Tesla was able to fend off its first autopilot lawsuit2. November 2023
Tesla was able to fend off its first autopilot lawsuit
San Francisco, November 2, 2023
A California jury ruled Tuesday that Tesla was not at fault in a fatal accident in 2019 that reportedly involved its Autopilot system. The lawsuit alleged that Tesla knowingly shipped cars with a faulty Autopilot system, resulting in a fatal accident that killed a Model 3 owner and seriously injured two passengers.
According to the lawsuit, 37-year-old Micah Lee was driving his Tesla Model 3 at 65 miles per hour on a Los Angeles highway when it suddenly made a turn, crashed into a palm tree and caught fire, resulting in his death.
Lee’s estate and two surviving relatives filed a $400 million lawsuit against Tesla, alleging that the company sold Lee faulty “experimental” software in its 2019 Model 3, which was supposedly capable of fully autonomous driving.
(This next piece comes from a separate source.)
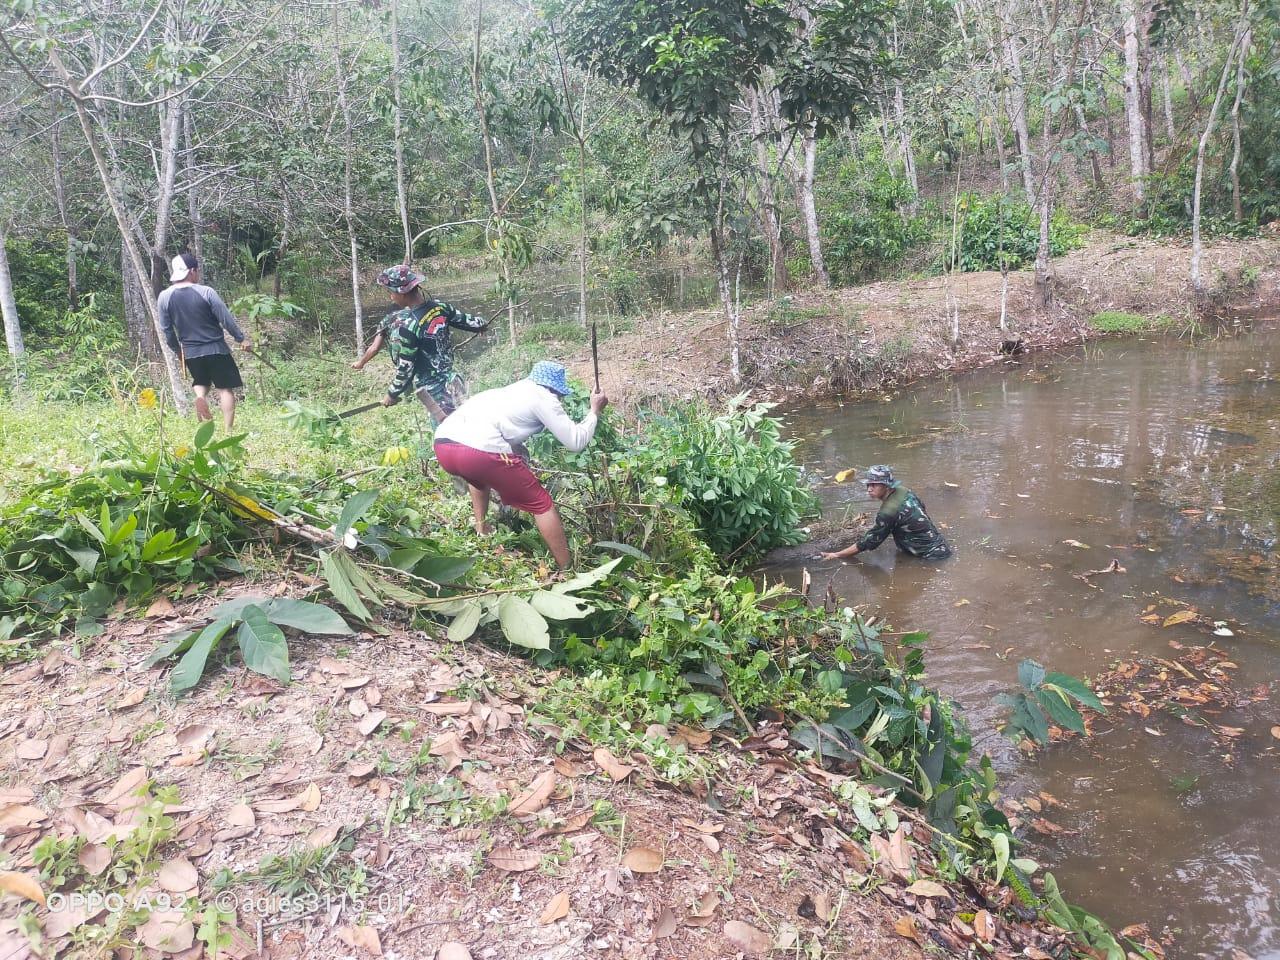 Tarmiji Senang, Satgas TMMD 110 Kodim 1008/Tanjung Bersihkan Kolam Ikannya

Tesla attributed the crash to human error and argued there was no clear evidence that Autopilot was active during the accident.
The jury made a 9-3 decision in favor of Tesla and found that there was no software error.
It is Tesla’s first autopilot lawsuit resulting in death. The result is expected to set a precedent for future trials of the company’s semi-autonomous driving technology.